%%

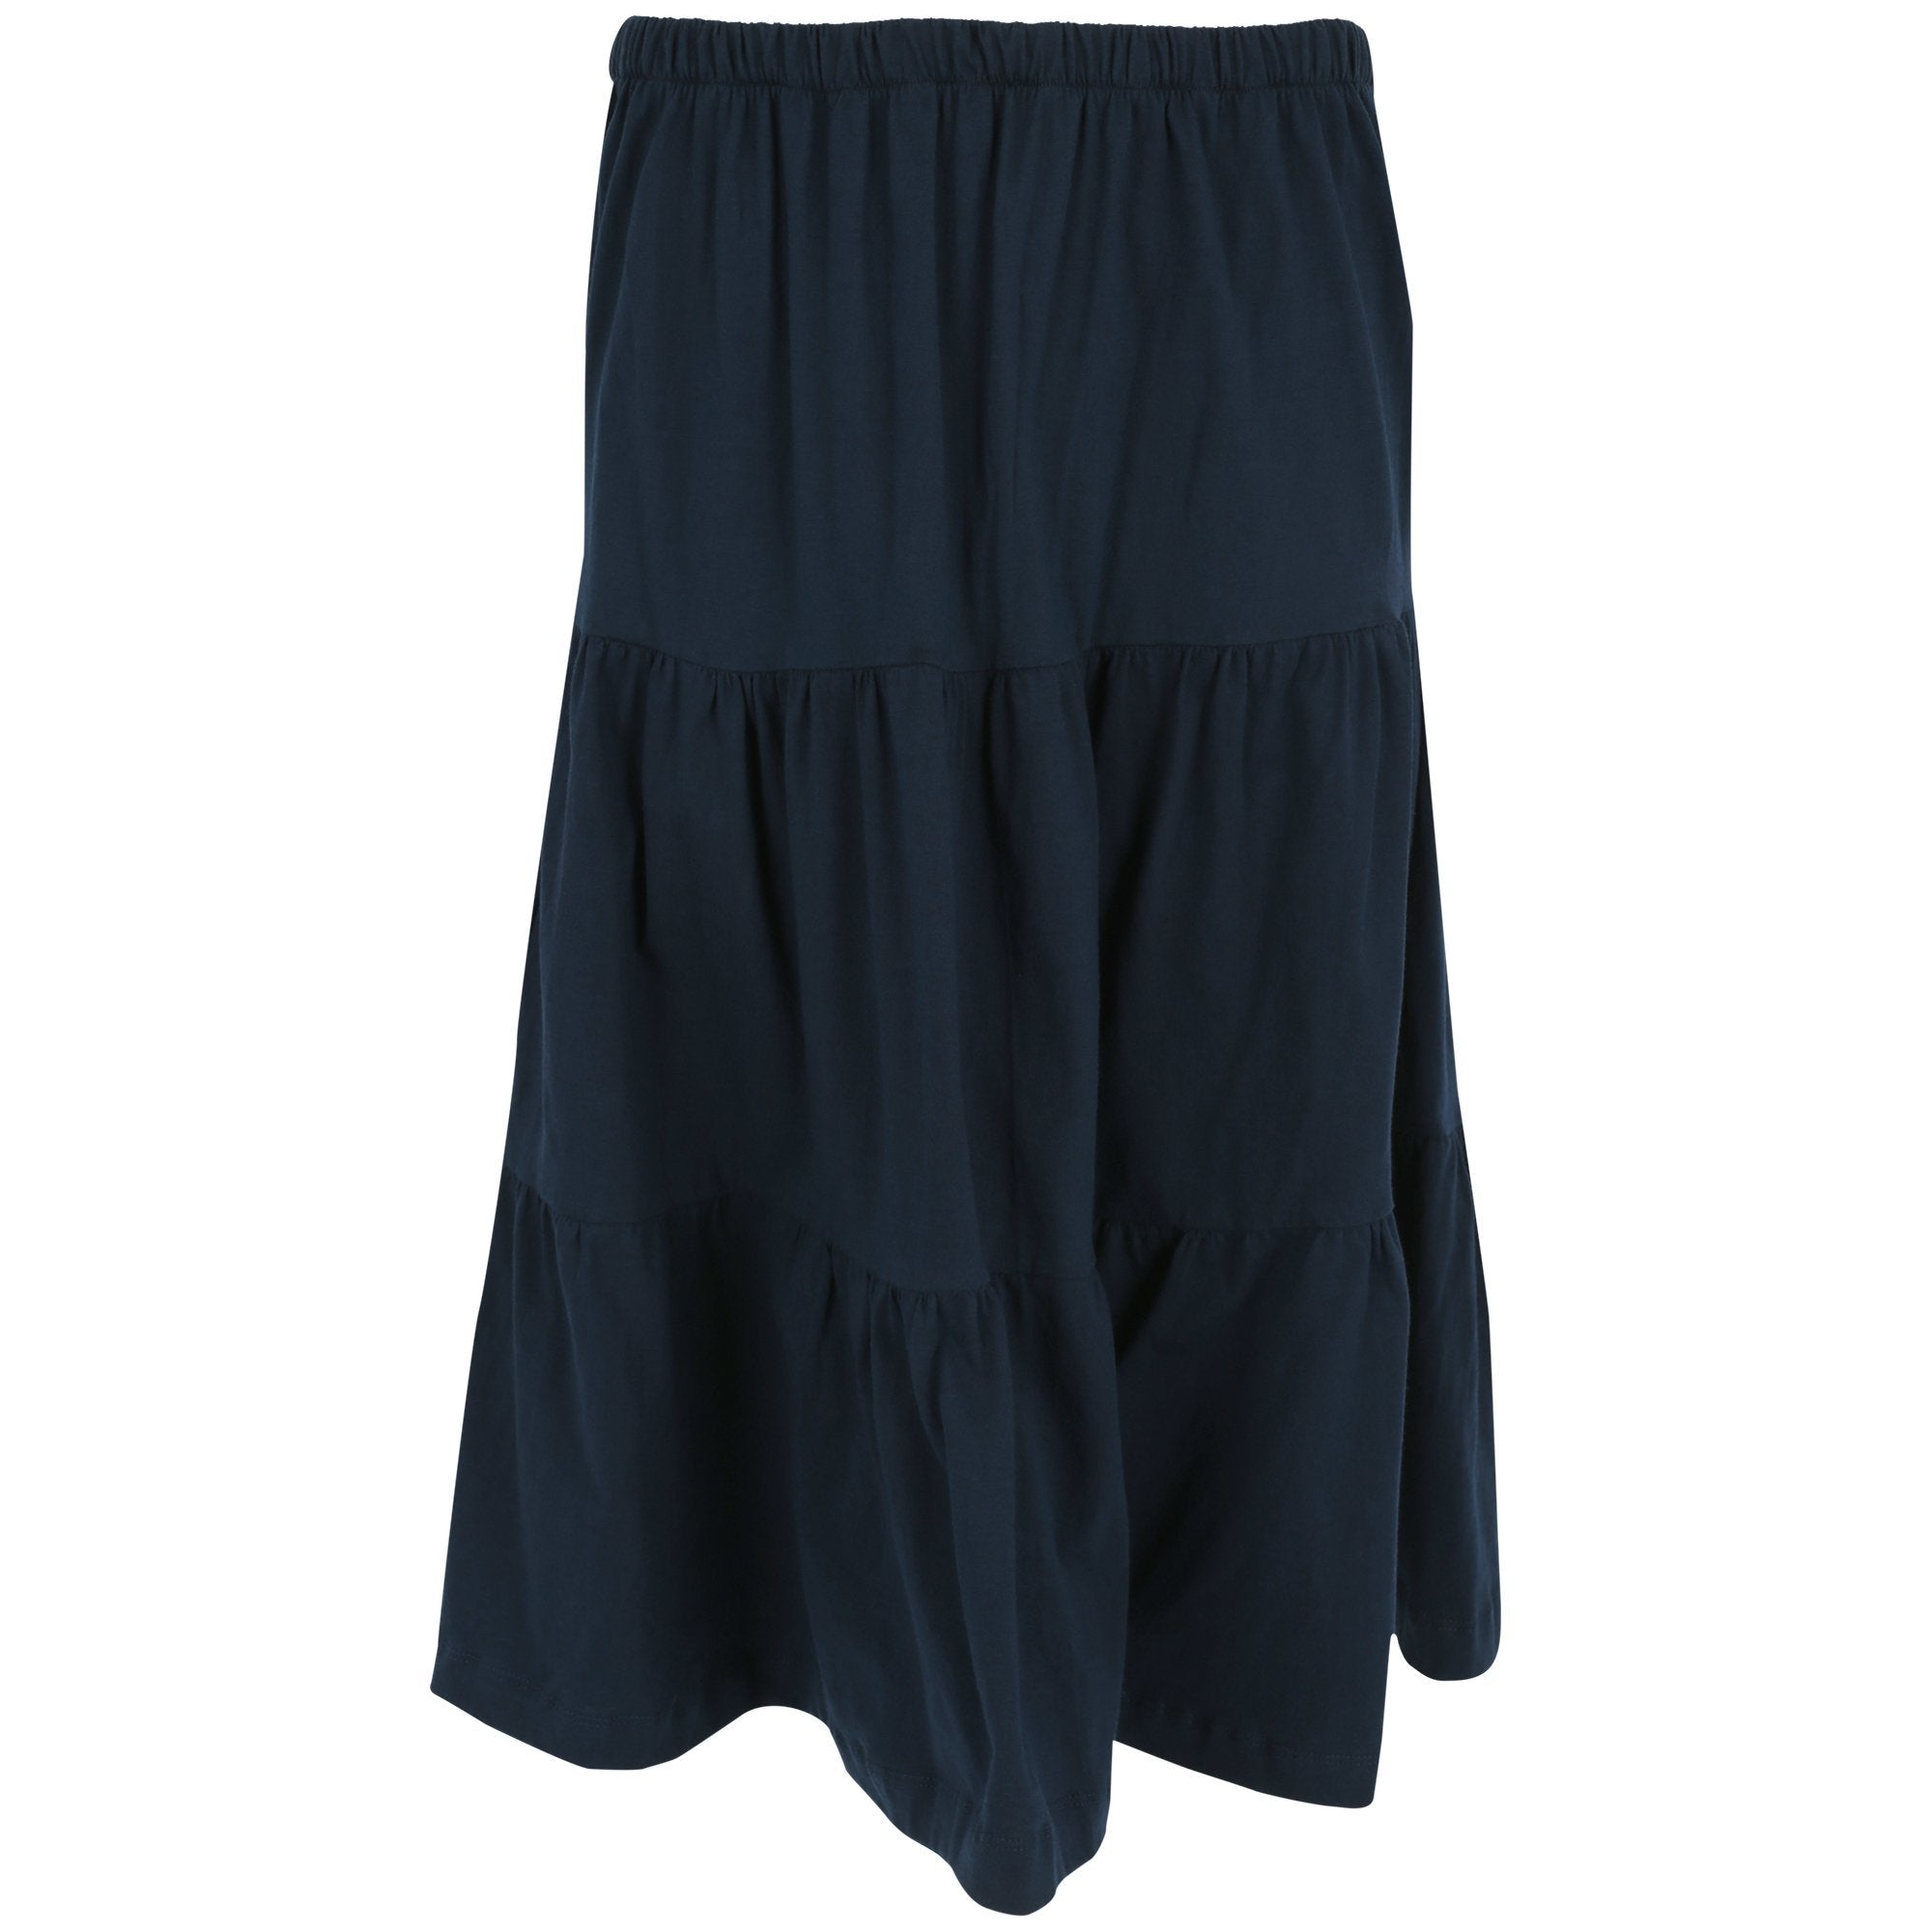 Organic Tiered Travel Skirt - Navy - S
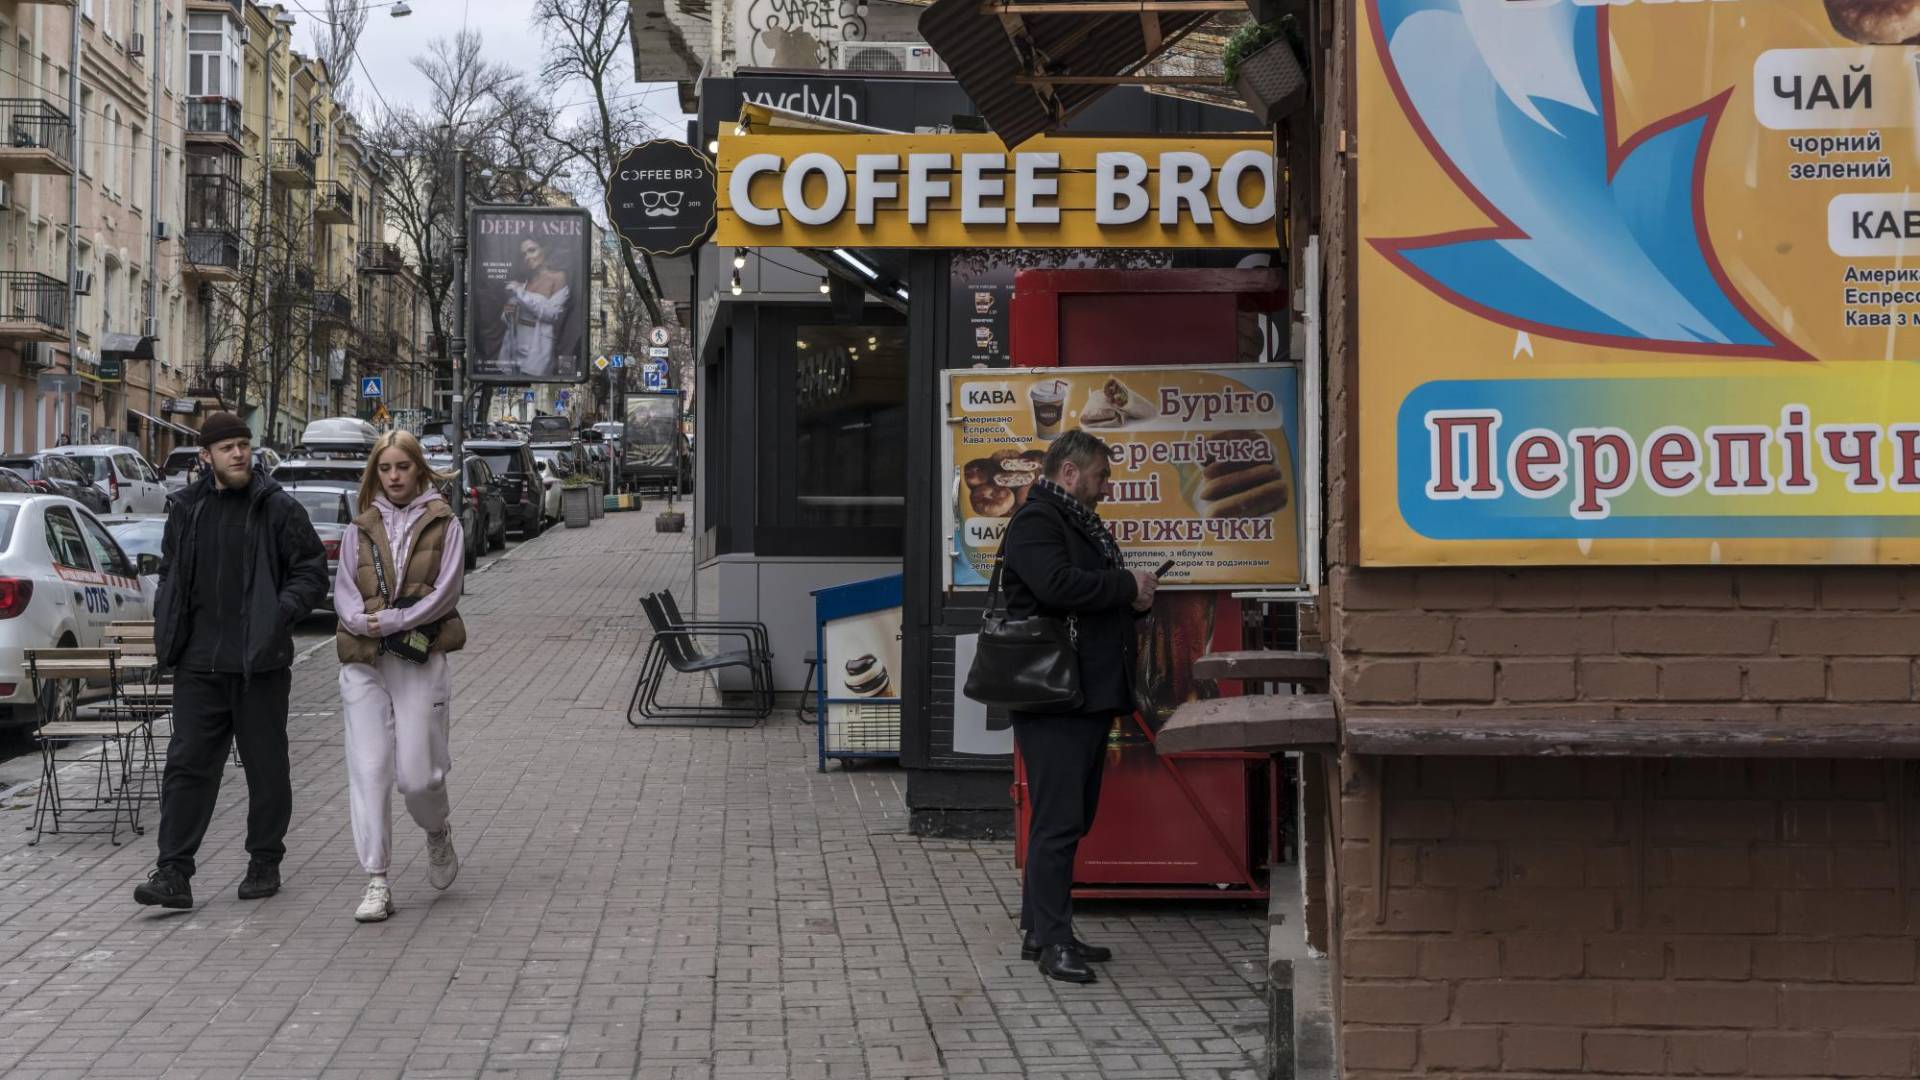 $!En Kiev, Ucrania, los quioscos de café atendidos por baristas que sirven mochas por menos de 2 dólares son comunes.
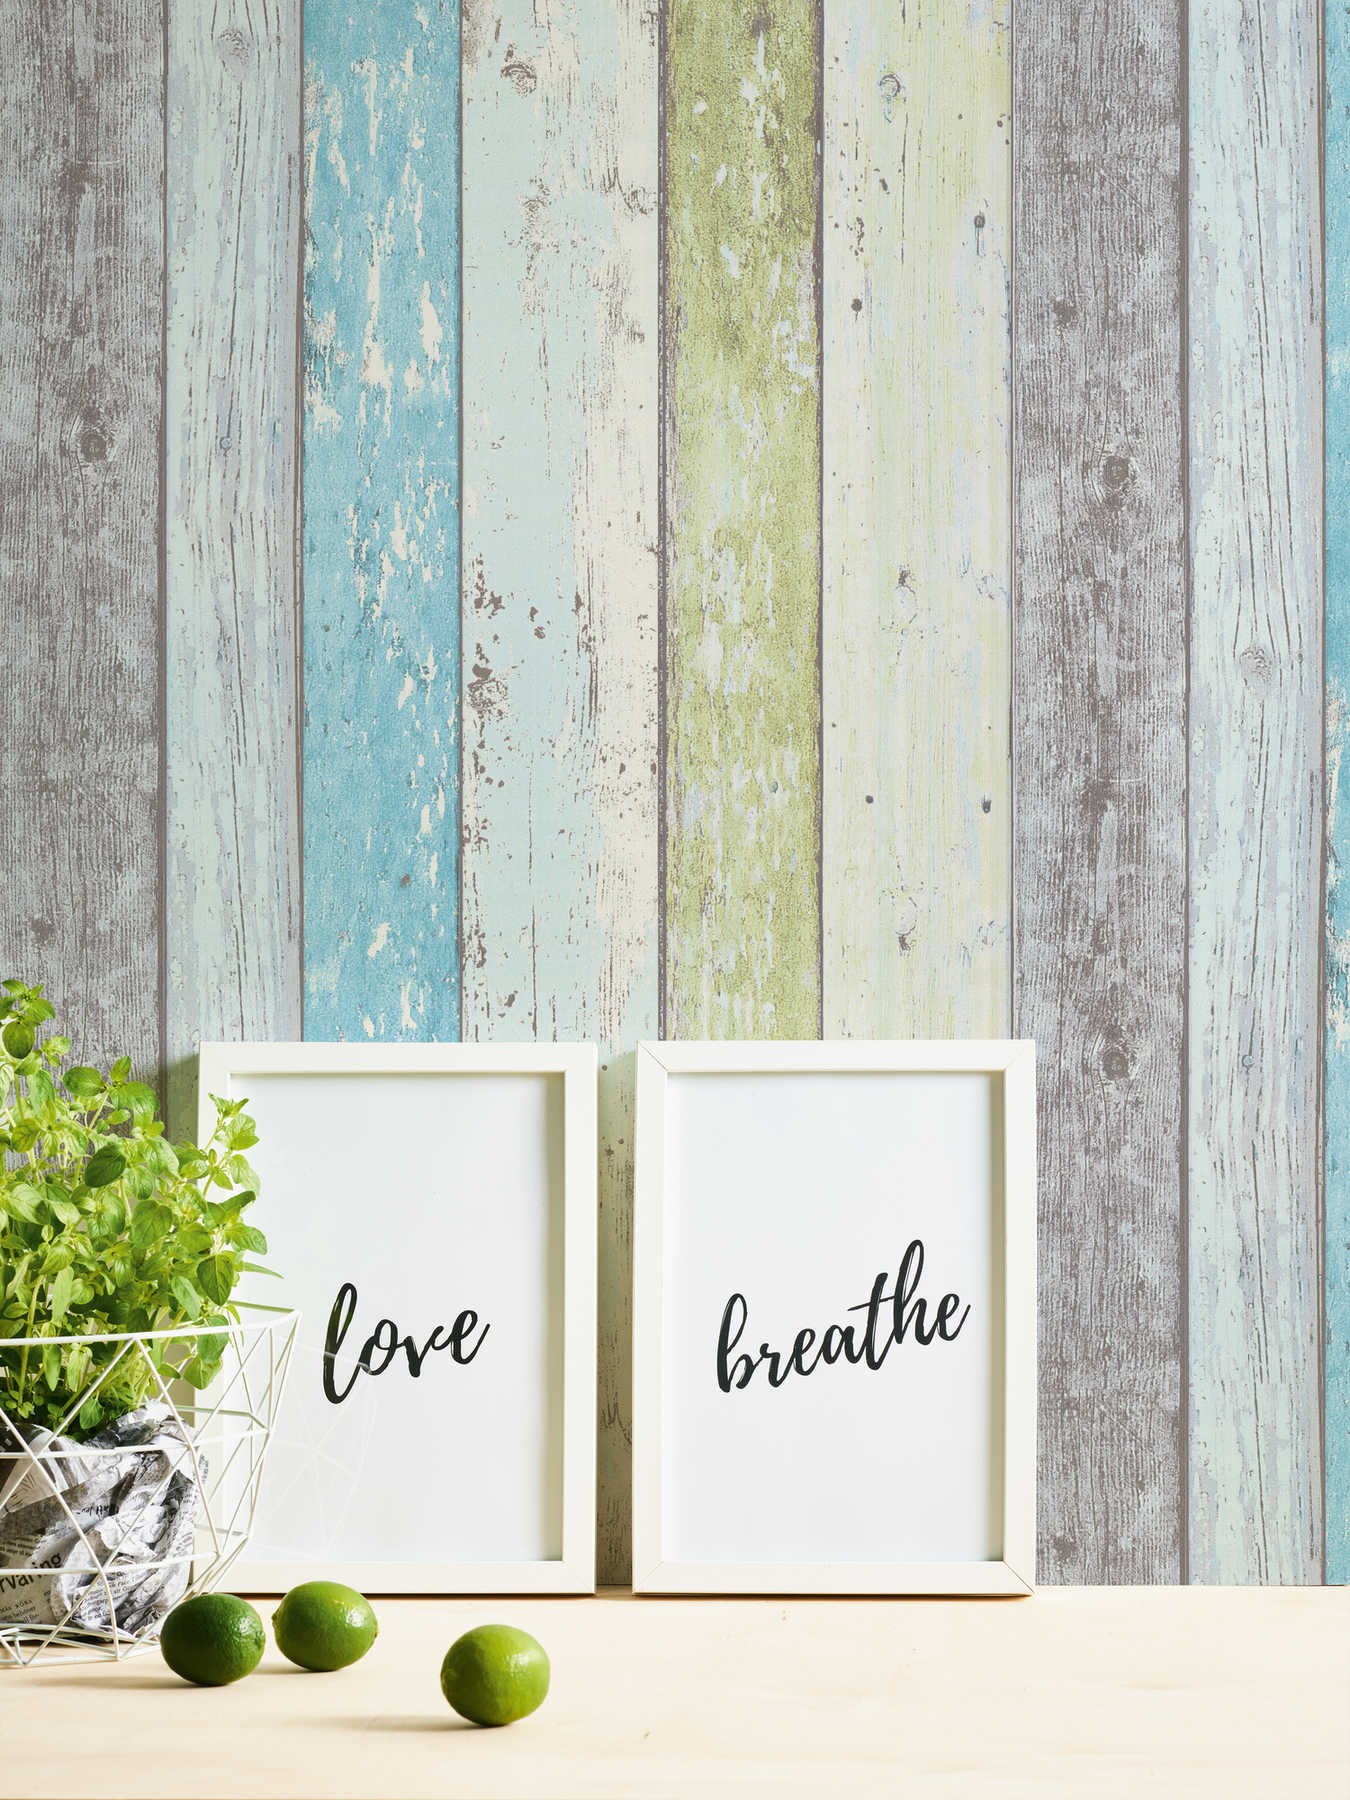             Papier peint bois avec aspect usé pour style vintage & maison de campagne - bleu, vert, blanc

%%

WORK TO BE COMPLETED: Pictures excluded, output exactly the line that contains "dólares son comunes." and every line after it to the end of the data above.

RESPONSE:
 $!En Kiev, Ucrania, los quioscos de café atendidos por baristas que sirven mochas por menos de 2 dólares son comunes.
             Papier peint bois avec aspect usé pour style vintage & maison de campagne - bleu, vert, blanc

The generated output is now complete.